Trajan besieging a Dacian fort.

Trajan was busied with protecting the German frontier of the Empire when he received the news that he had been adopted by the aged Nerva. He spent a year, after receiving the tidings, in completing the preparation for its defence. Then he went to take up his new dignity. Home affairs settled, he started for the Danube. Of the campaigns which followed we know little in one way, and much in another. We know, from the sculptures on Trajan's Column, exactly what arms and armour, and what engines of war were used by the soldiers of Rome. But as to the strategy of the campaign, and its chief incidents, we are almost wholly in the dark.

Trajan crossed the Danube at two places without molestation. At first it seemed as if the Dacians were going to give in without a struggle. An embassy arrived to beg for peace, offering surrender without conditions. But this was a palpable imposture. The envoys were men of low rank—so much Trajan knew from the habits of the country—for they were bareheaded. The next envoys were certainly nobles, but they had no real authority to treat. The Dacian king, Decebalus by name, was simply trying to gain time. Not long after he fell upon the legions as they marched. A fierce battle followed, in which the Dacians were defeated, but at a heavy cost. The Romans still advanced; when they were near his chief stronghold, Decebalus again gave battle. This time he was beaten even more decisively than before. For the time his spirit was broken. The envoys whom he now sent were nobles of the highest rank, who came into Trajan's presence with their hands bound behind their backs in token of absolute submission. Decebalus himself consented to pay his homage to Trajan in person, and to send deputies to Rome to arrange conditions of peace. This was in 102 a.d.
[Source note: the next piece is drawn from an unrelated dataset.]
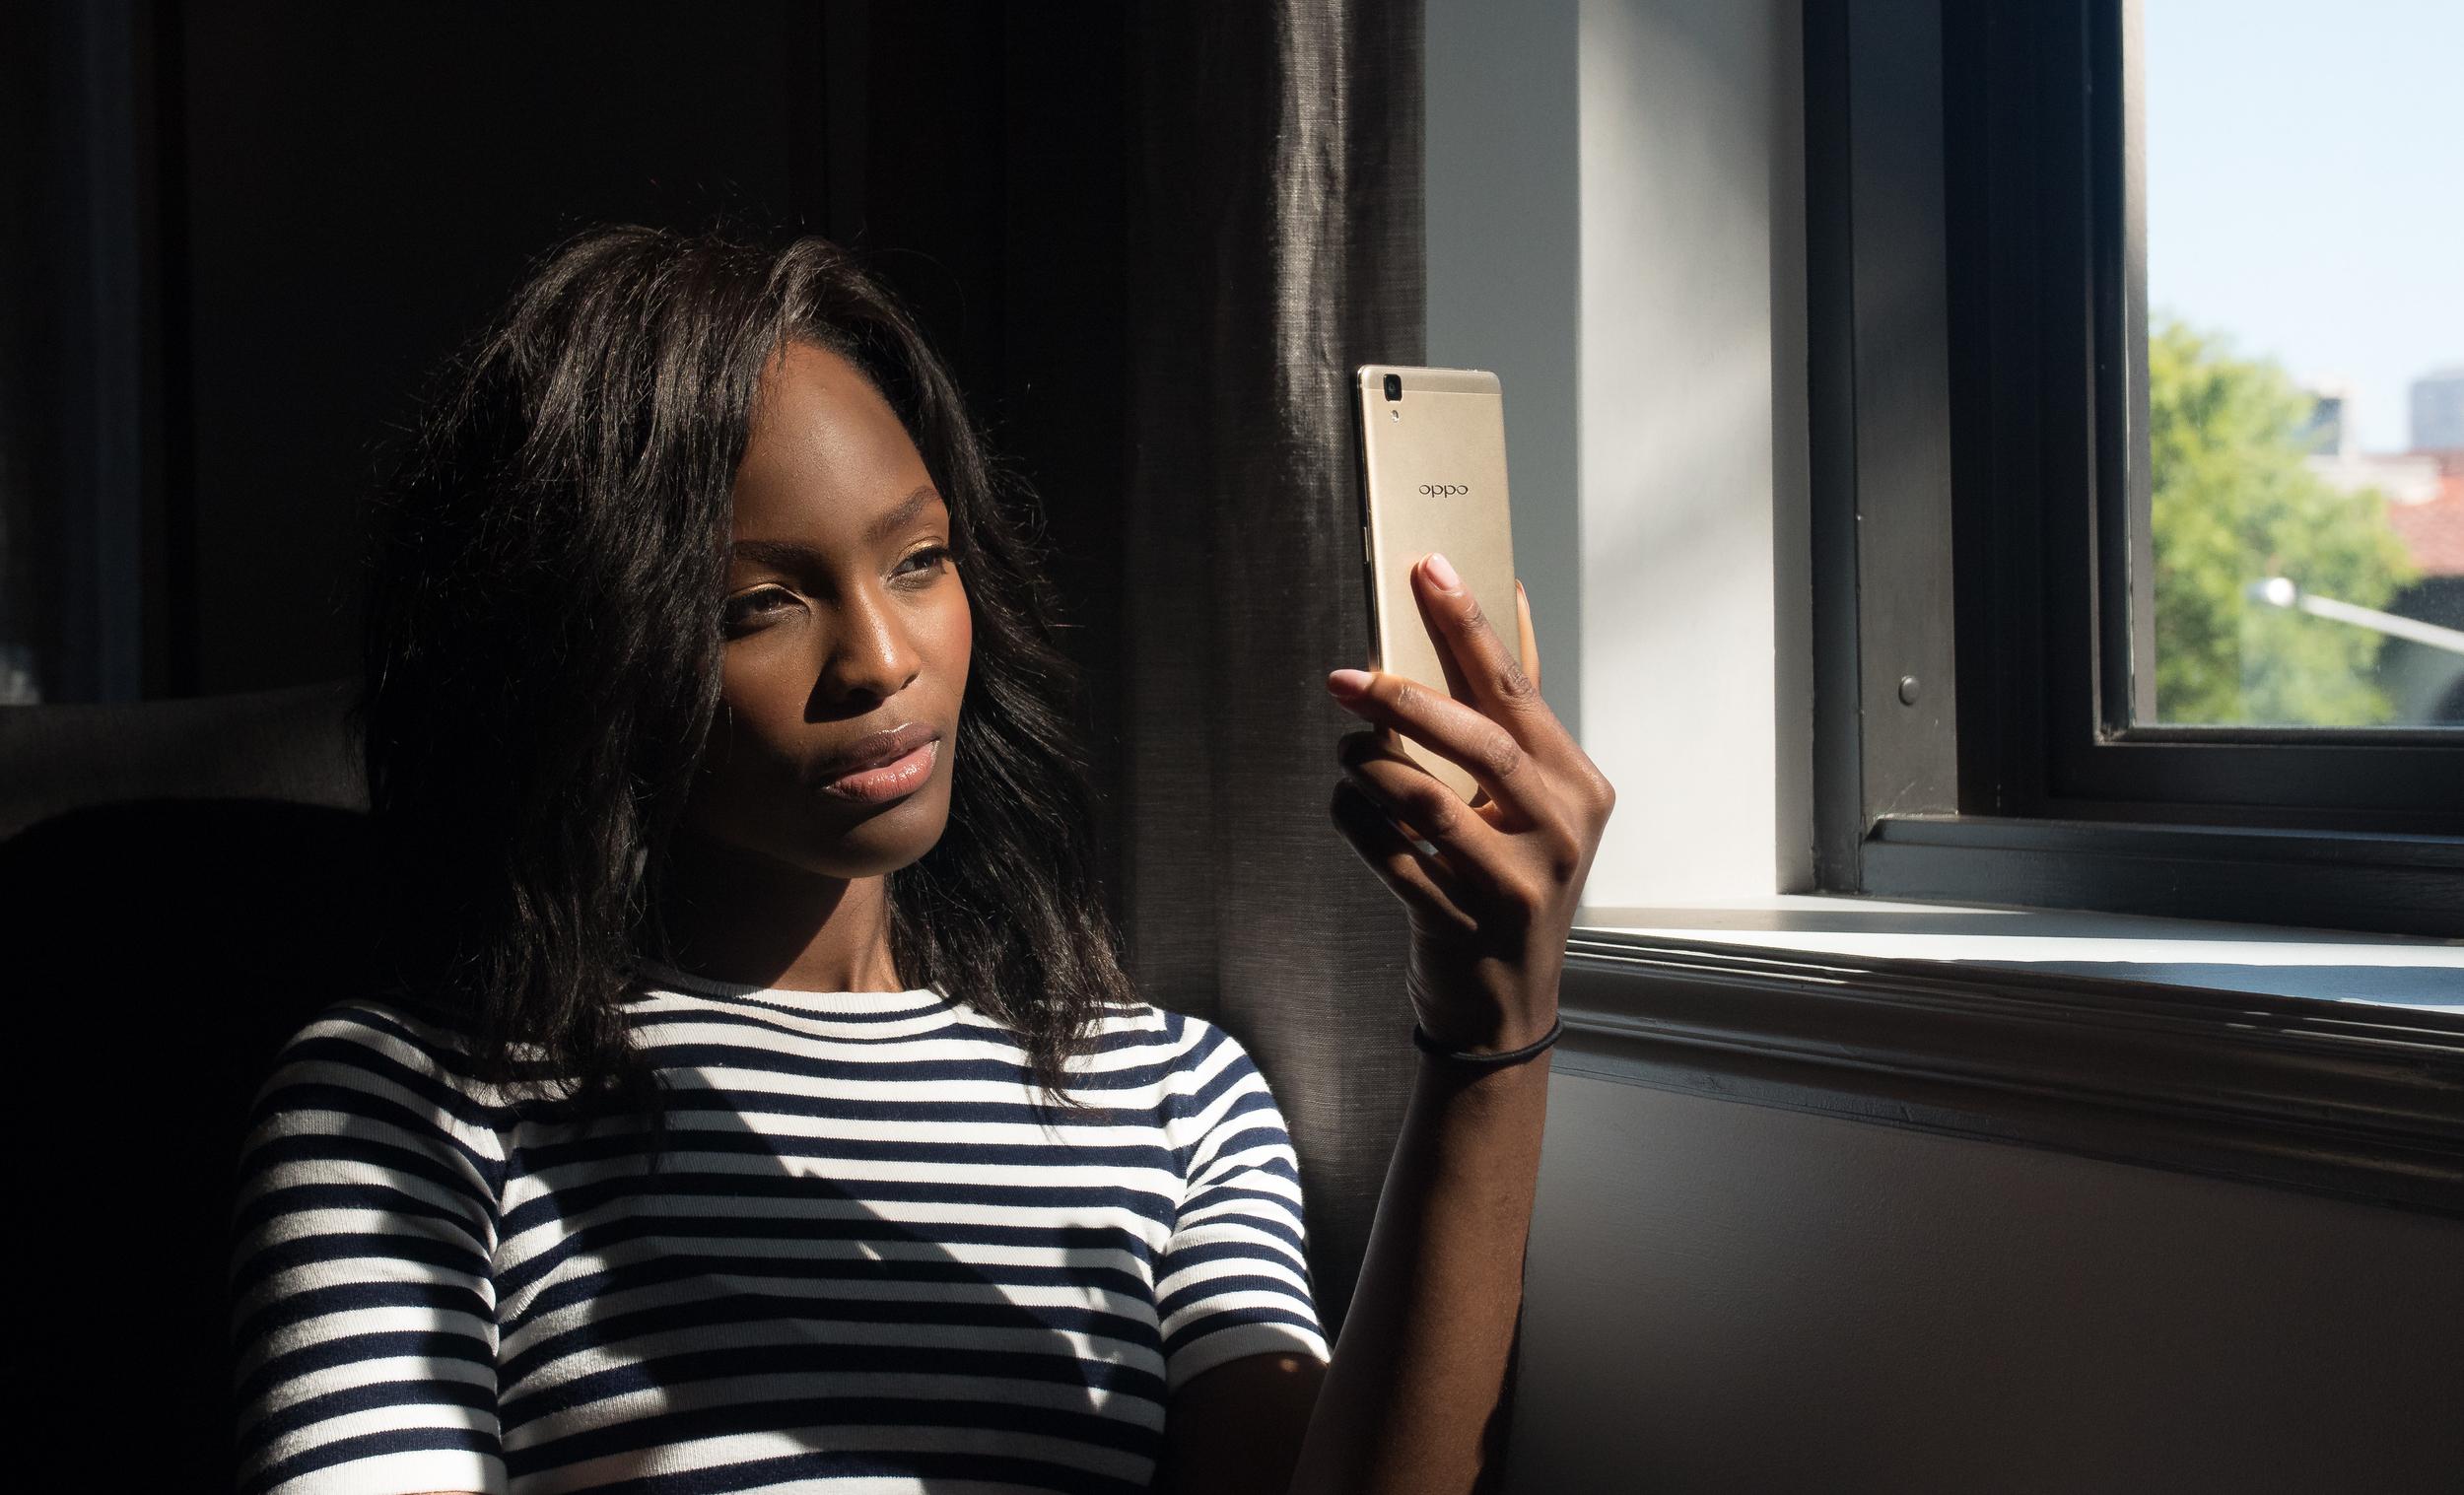 OPPO R7s Social Media Campaign shot on location in Sydney, Australia  Model: Mamé Adjei - America's Next Top Model   Shot with Panasonic Lumix GH4

Scarcely had Trajan turned his back—his presence being much wanted at Rome—when the Dacians were in arms again. Decebalus's own hereditary kingdom lay far to the east, in what is now called Transylvania, but nothing could stop the march of the Roman legions. They made their way over river and mountain, and stormed stronghold after stronghold. At last Decebalus, in despair, put an end to his own life. The new province of Dacia was thoroughly organised, for Trajan was as great an administrator as a soldier. To this day the remains of the great works which his engineers and architects raised at his bidding remain to testify to the completeness with which the work was done. For more than a century and a half it remained one of the most orderly and civilised of the Roman provinces. It was not till 275 a.d. that Aurelian withdrew the legions to the southern bank of the Danube.

During the time of the Good Emperors Rome kept her dominions unimpaired. Even under their weaker successors, though decay was at work within, her power for awhile was not visibly shaken. It was with the appearance of the Goths upon the scene that the end began.